Nikolai Bukharin kicks off the party congress with a very long speech.
Tony Saich, The Rise to Power of the Chinese Communist Party
Chang Kuo-t’ao [Zhang Guotao], The Rise of the Chinese Communist Party (2 volumes)
E. H. Carr, Foundations of a Planned Economy, vol. 3
Nikolai Bukharin, “On the International Situation and the Tasks of the Chinese Communist Party”
Nicholas Kozlov and Eric Weitz, “Reflections on the Origins of the ‘Third Period’: Bukharin, the Comintern, and the Political Economy of Weimar Germany”
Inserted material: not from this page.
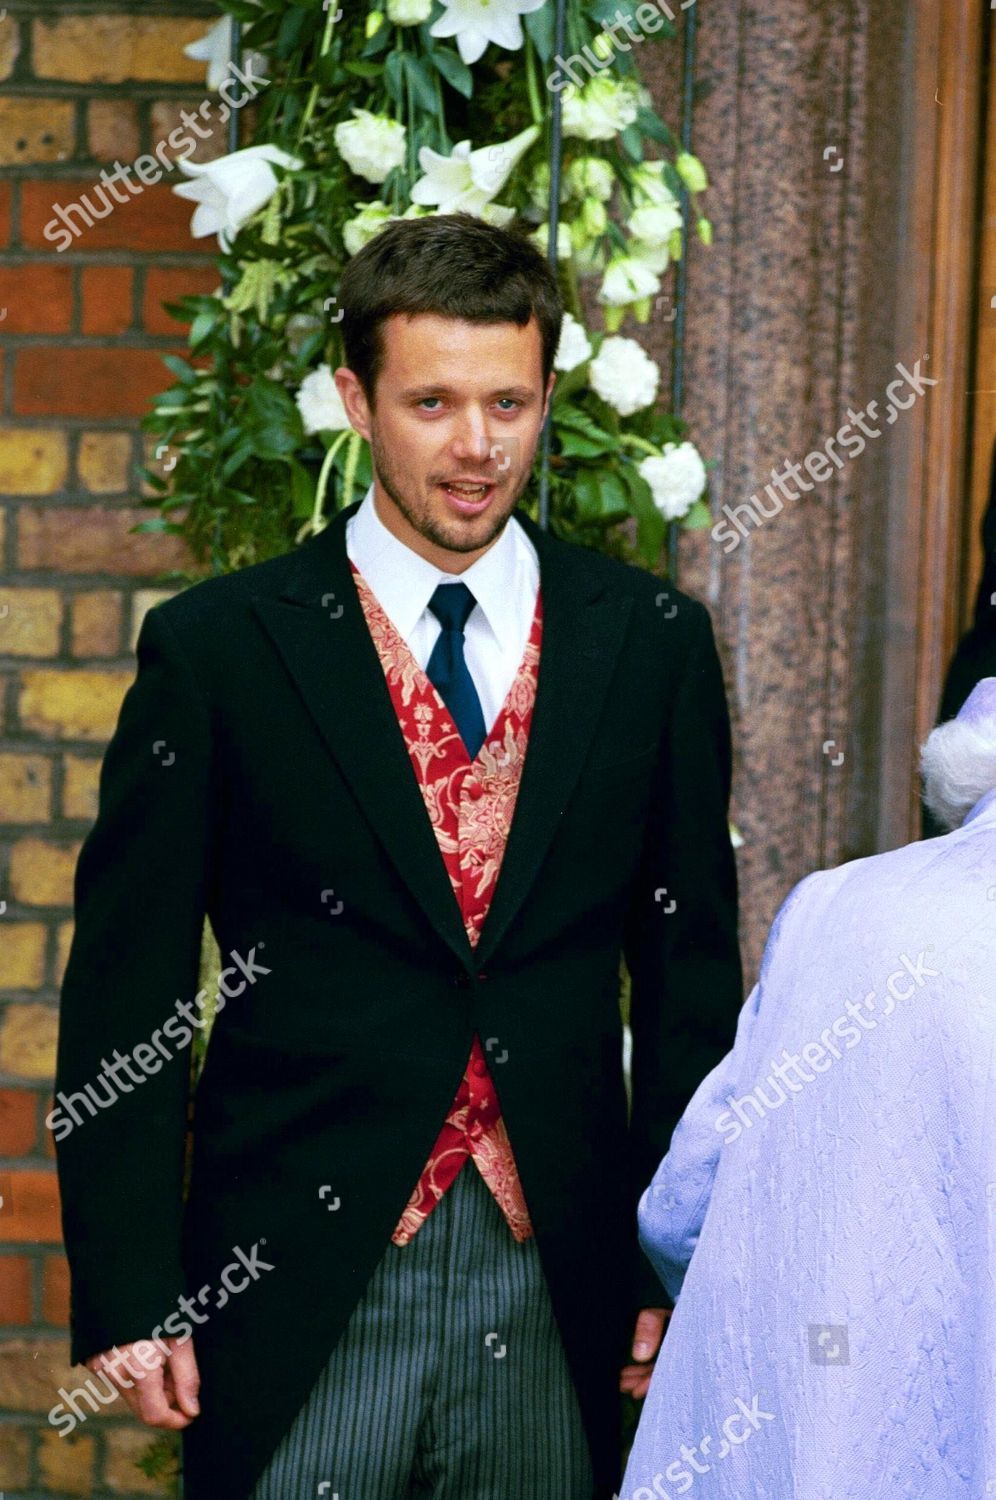 wedding-of-princess-alexia-of-greece-to-carlos-morales-quintana-at-the-greek-orthodox-cathedral-of-st-sophia-in-london-britain-1999-shutterstock-editorial-307941r.jpg

Theodore Rosengarten, All God’s Dangers: The Life of Nate Shaw
Robin Kelley, Hammer and Hoe: Alabama Communists during the Great Depression
Some names from this episode:
Nikolai Bukharin, general secretary of the executive committee of the Comintern
Zhang Guotao, Leading Communist
Qu Qiubai, Top leader of the Chinese Communist Party from the August 7, 1927 emergency meeting until the 6th Party Congress
Eugen Varga, Hungarian communist economist
Welcome to episode 102 of the People’s History of Ideas Podcast.
Last episode we talked about some of the events and issues leading up to the 6th Congress of the Chinese Communist Party, so now let’s jump into talking about the Congress itself.
Just as a refresher, the dates for the Congress were June 18 to July 11, 1928, and it was being held on the outskirts of Moscow.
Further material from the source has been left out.